During a special screening of the original preview version of Gremlins at the Brooklyn Academy of Music last summer, director Joe Dante explained why his madcap Christmastime horror comedy could never be made today. It’s not just that Hollywood, especially Warner Bros. who released Gremlins in the first place, is petrified of the financial risk inherent in backing weirdo original pictures. The reason is that Gremlins and films of its era were made explicitly to be seen in a theater full of people, their reactions to jokes and bizarre sights building with centrifugal force as the sounds of laughter and the movie swirled through the air. Today movies are made to both pummel the audience in the theater - the shared experience as exhausting sensory blitz - or be viewed on a phone. Gremlins, said Dante, couldn’t be made today in part because its best scene, the viciously dark Christmas tragedy story, wouldn’t work. It simply wouldn’t be as completely hilarious as it is without all the people in the room laughing with you.
Of course, Warner Bros. didn’t want it in the movie even back then. Dante, still just a young director with no clout, was adamant that the scene stay and it made the final cut purely because producer Steven Spielberg supported Dante’s choice. According to the director, though, Spielberg was just backing up a fellow director; he didn’t get the appeal of the scene either. Watching it in isolation, you can see why both the studio and the famed Indiana Jones director were troubled. Right when Gremlins is reaching a fever pitch of creepy critter action, the movie stops dead in its tracks so Phoebe Cates can tell a story about why she hates Christmas so much.
Make no mistake: it is grim. The story she tells is black as midnight, delivered with utter conviction and sincerity by Cates, and Dante lingers on the scene for a long time before turning back to the evil Stripe and his Gremlin posse getting up to no good. There’s some foreshadowing to this moment before it rears its ugly head, but there’s nothing to indicate that her aversion to the holiday was so terrible. In short: not only did her father die on Christmas, he died by breaking his neck coming down the chimney dressed as Santa Claus and they didn’t find him until his body started decomposing days later. Even Gizmo, remarkable little puppet that he is, is giving her a look that says, “Damn. I mean. Woof. That’s rough.”
Here’s the thing, though: it’s funny. Gut-bustingly, brutally, aggressively funny. I’d always found it funny on my own; everything about the way it’s framed hints that despite the tone it’s not intended to be taken seriously. The fact that it cuts away to Gizmo at all is hilarious. He’s a ball of fuzz that can’t get wet or go in sunlight, the Earth’s most abundant resources. Who the hell cares what the fuzzball is doing? But there’s also the reactions from everyman Zack Galligan, who’s surrounded by an enormous festive silhouette reading, “Christmas!” It’s patently farcical and utterly human at the same time, playing the scene as absurdist but also satirizing the thick, saccharine pap that typifies most Christmas movies. Bad things happen at Christmas too; bad things are happening just outside the bank where Cates and Galligan are hiding. When Christmas sucks for you, no matter the cause, it sucks hard.

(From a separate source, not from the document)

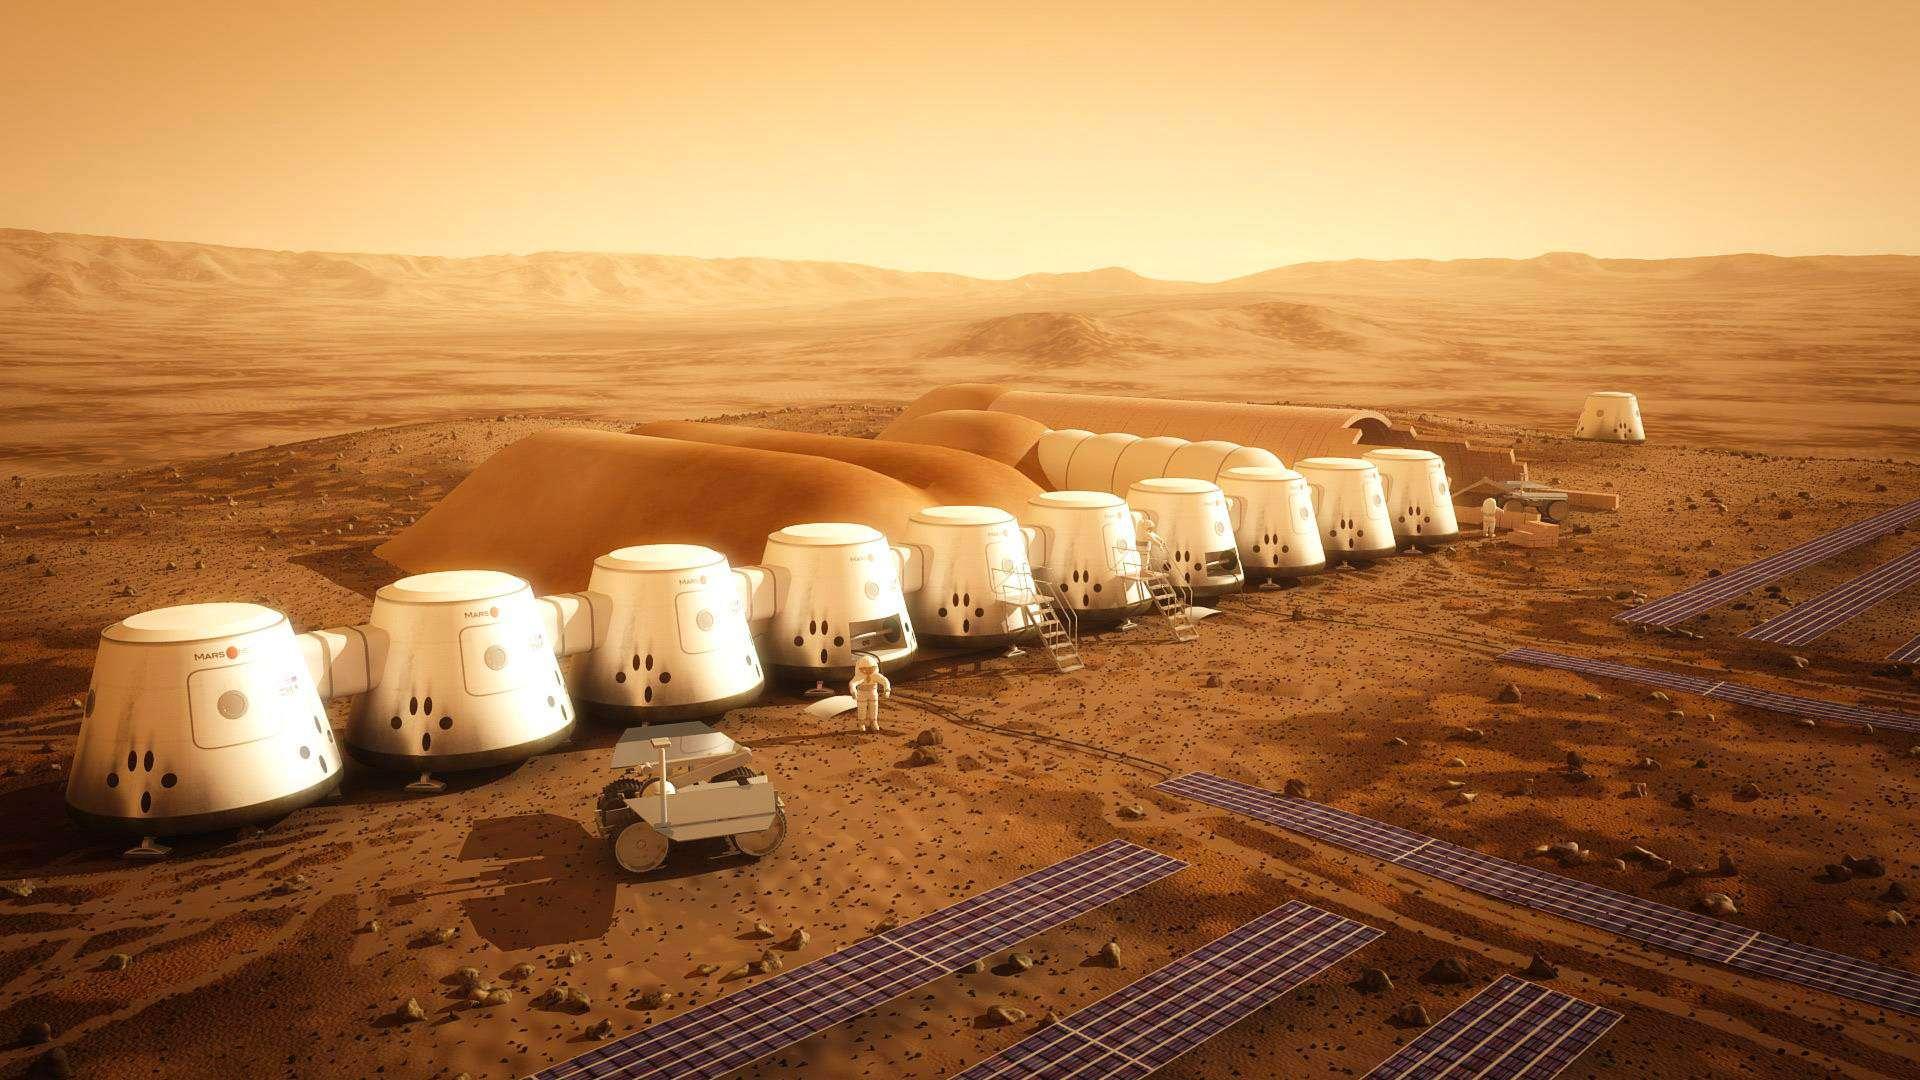 Mars One, un projet de colonisation martienne sans espoir de retour, était porté par deux entités, dont l'une est en faillite depuis janvier 2019. © Mars One

It’s hard to describe precisely how well this scene plays in a packed theater. It comes almost immediately after the movie’s most memorable effects blitzes, when Cates is serving dozens of gremlins at the bar across the street. Dante is almost manic in his depiction of gremlins indulging in as many vices as possible: gremlins drinking, smoking, flashing in a long trench coat when they have nothing to flash, gunning each other down, rocking ski masks and attempting old fashioned ‘80s muggings, breakdancing, gambling. Name something your parents told you not to do, and the gremlins are doing it in the bar. When it finally ends, the crowd in the theater is dizzy with ascending laughs, and then Dante gives them just enough time to breathe as Cates and Galligan escape and look for somewhere to hide. Then he hits them with the Worst Christmas Story Ever Told. And he knocks them down all over again.
Gremlins’ best bit isn’t really a replicable comedy move. By the time Warner Bros. convinced Dante to make Gremlins 2: The New Batch, itself a massive parody of Hollywood’s lust for sequels, Cates’ story became just another target for derision. At one point she starts solemnly relating why she can’t bear President’s Day, and Galligan just starts hurrying her out of the room. If the long-rumored Gremlins remake happens, this is hardly a moment the studio will think is brand-essential. In the original, though, it’s the moment that defines Dante’s achievement, a crowd-delighting comedy that can do sly, subtle, and subversive humor just as well as big, dumb slapstick.